# Significant dispersion test

I used DHARMa for my residual diagnostics. For two models, the dispersion test is significant even though the rest of the diagnostic output looks good. I am wondering if both my models are correct despite the dispersion test being significant.

I conducted an experiment at three different locations, each containing 4 plots. Each plot was subjected to a different treatment for one consecutive week. During this week, measurements were conducted two times a day (included as time_since_start (h) of experiment) and on each plot a camera trap was placed to observe animal behaviour. The experiment was repeated three times.

I would like to test if the time since the start of the experiment influences the duration of a certain behavioural trait recorded by the camera traps. To test this I created the following model:

glmmTMB(cbind(time_behaviour, total_video_duration- time_behaviour) ~
Treatment*I(sqrt(Time_since_start)) + Repetition + Location,
ziformula = ~ 1,family = "betabinomial")


Originally, I had thought to add the “Repetition” and “Location” as random effects in the model. However as n = 3 for both, I had to add them as fixed effects. When checking my model output using DHARMa the plots look good, but the Dispersion test is significant (P = 0.048).

Even though this is only just significant, a similar problem occurs with another model. For example:

glmmTMB(cbind(Nr_shoots_browsed, total_shoots_available- Nr_shoots_browsed) ~
Treatment*I(sqrt(Time_since_start)) + Repetition + Location,
ziformula = ~ 1,family = "betabinomial")


Interestingly, the dispersion test of the model above is not significant when I remove all NA’s in the dataset even though these NA’s occur in other variables than the ones used in the model.

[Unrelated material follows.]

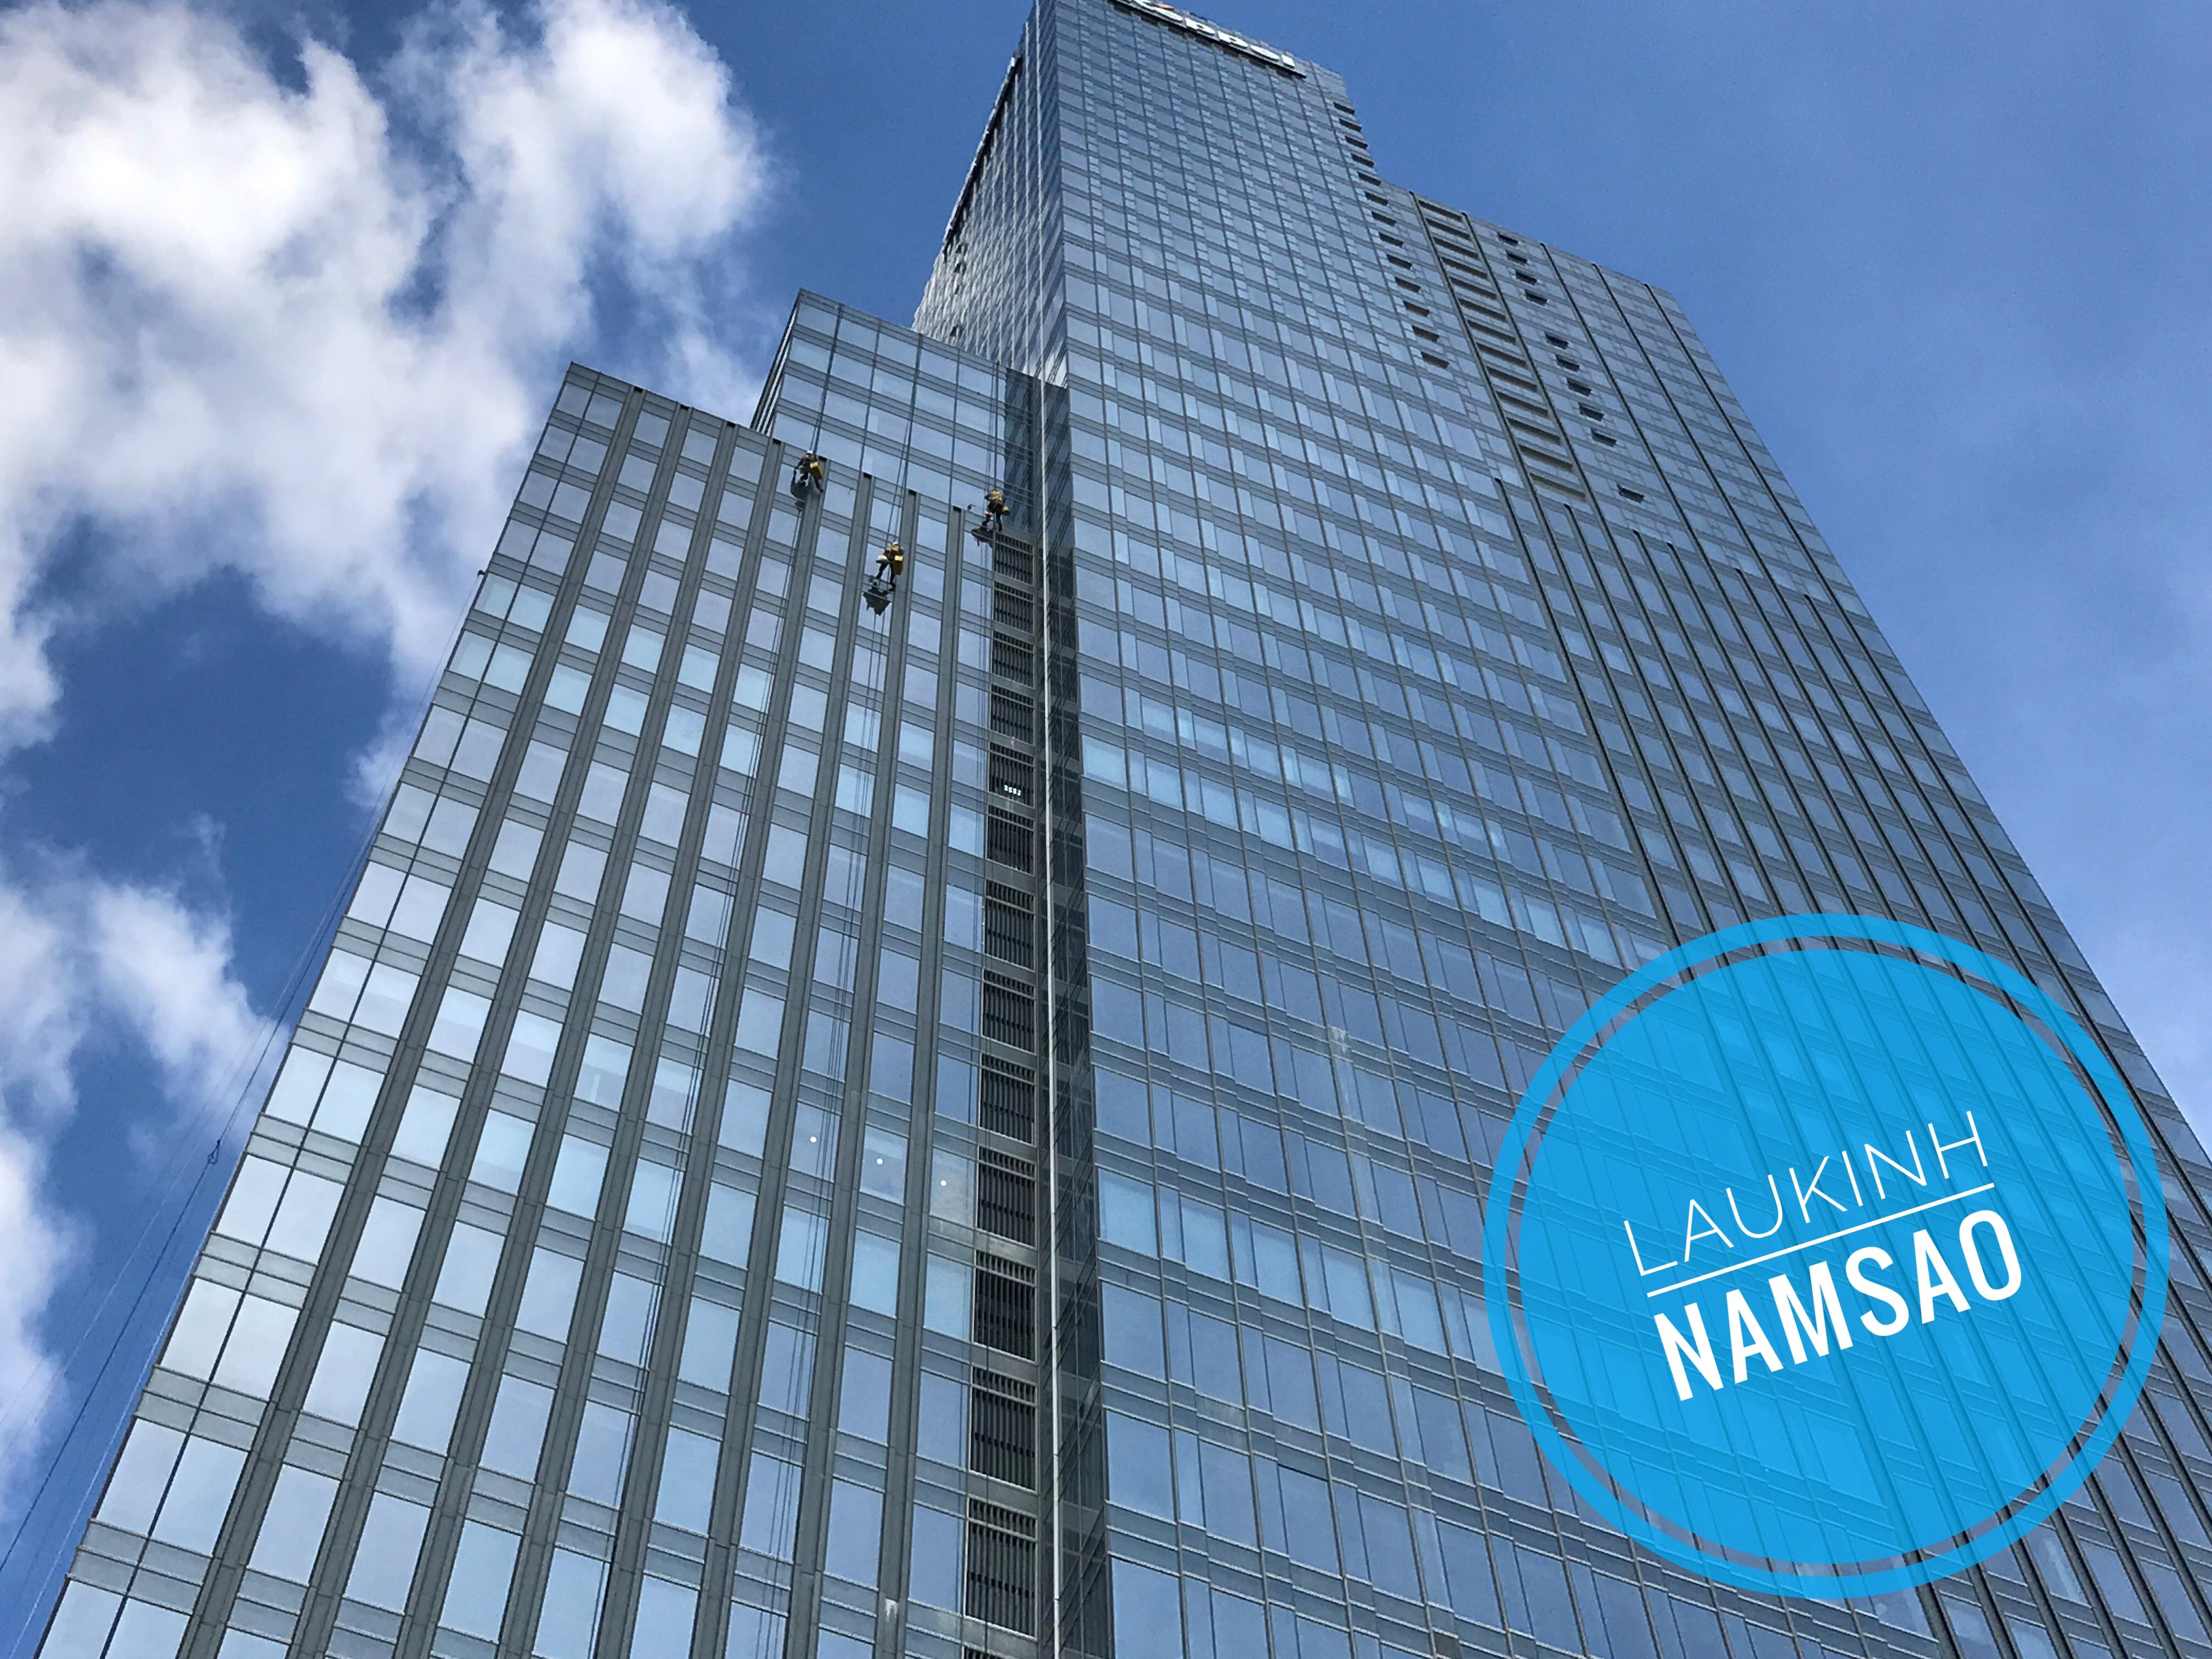 Các rủi ro khi tự lau kính nhà cao tầng

Removing these rows with NA’s, results in the removal of rows where the total_shoots_available is 1, where all with >1 remain in the dataset. Ecologically, it would be wrong to remove these and therefore I would leave them in. Furthermore, the cbind structure should account for differences in the total_shoot_available.

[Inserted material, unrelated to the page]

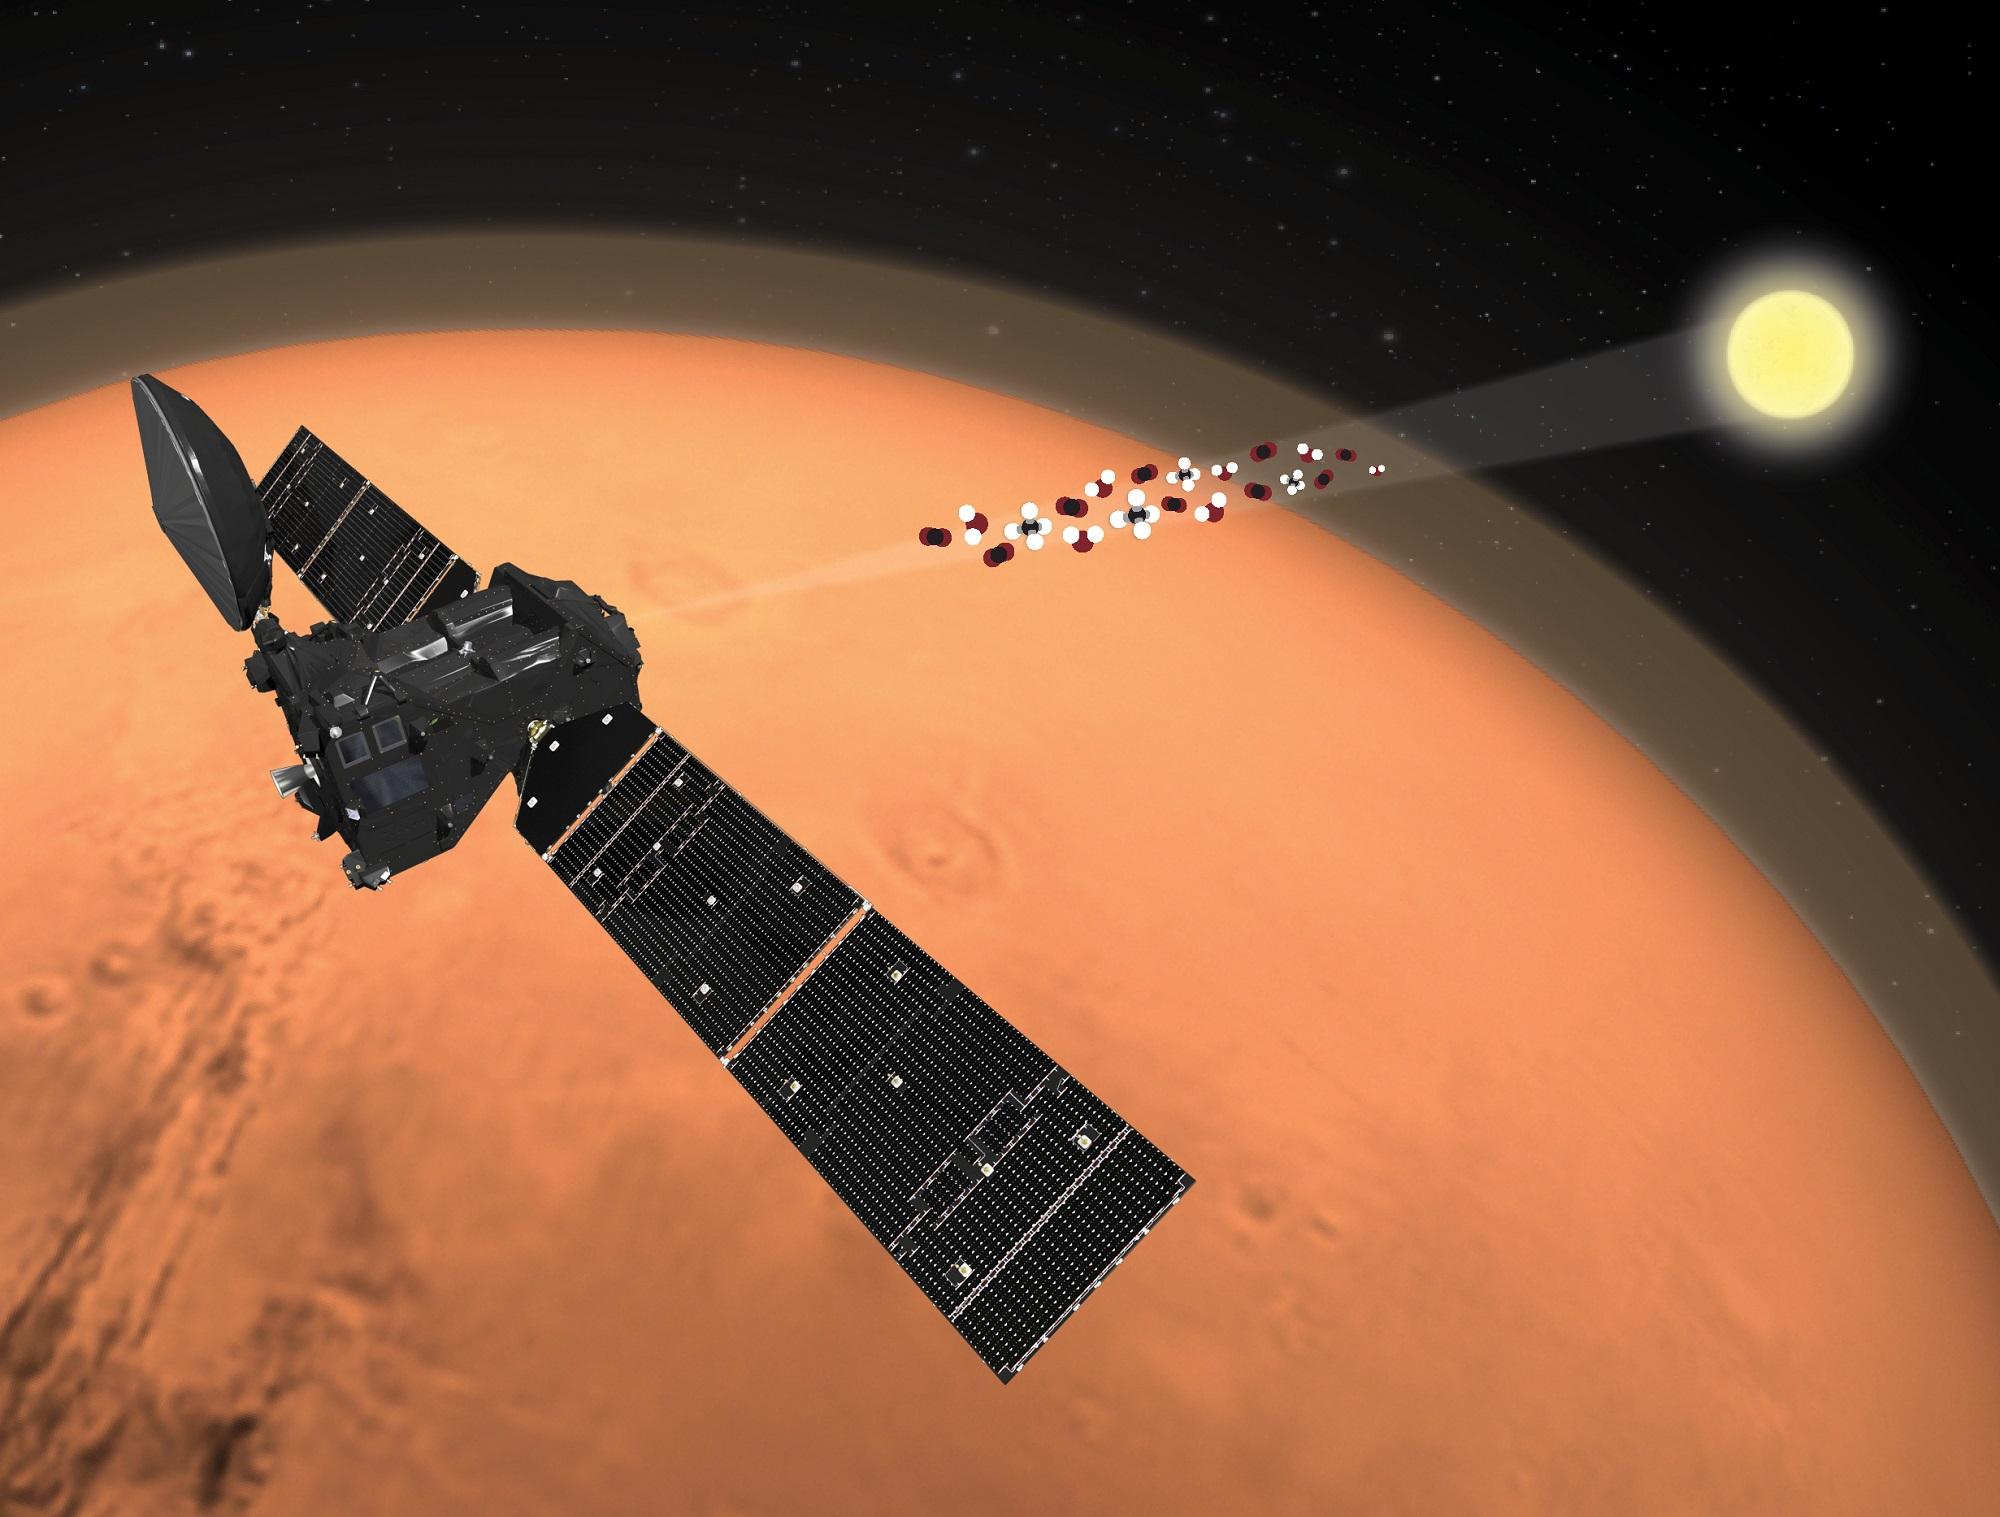 ExoMars Trace Gas Orbiter måler sporgasser og vann på Mars. Illustrasjon: ESA/ATG medialab

I have been playing around a lot with these models, but so far I haven’t found a solution yet. When looking at different posts, I am tempted to accept these models but I am not really sure if this is correct.

Now my question is: Is this significant dispersion a problem and if yes what could I do to make this model better?

I'm the developer of DHARMa. This is a pretty common question, and there is a section in the vignette giving guidance on that, but I just realised now that it's not very well placed, so I will change that. Anyway, that's what I wrote in the vignette about the dispersion tests:

A word of warning that applies also to all other tests that follow: significance in hypothesis tests depends on at least 2 ingredients: strength of the signal, and number of data points. Hence, the p-value alone is not a good indicator of the extent to which your residuals deviate from assumptions. Specifically, if you have a lot of data points, residual diagnostics will nearly inevitably become significant, because having a perfectly fitting model is very unlikely. That, however, doesn’t necessarily mean that you need to change your model. The p-values confirm that there is a deviation from your null hypothesis. It is, however, in your discretion to decide whether this deviation is worth worrying about. If you see a dispersion parameter of 1.01, I would not worry, even if the test is significant. A significant value of 5, however, is clearly a reason to move to a model that accounts for overdispersion.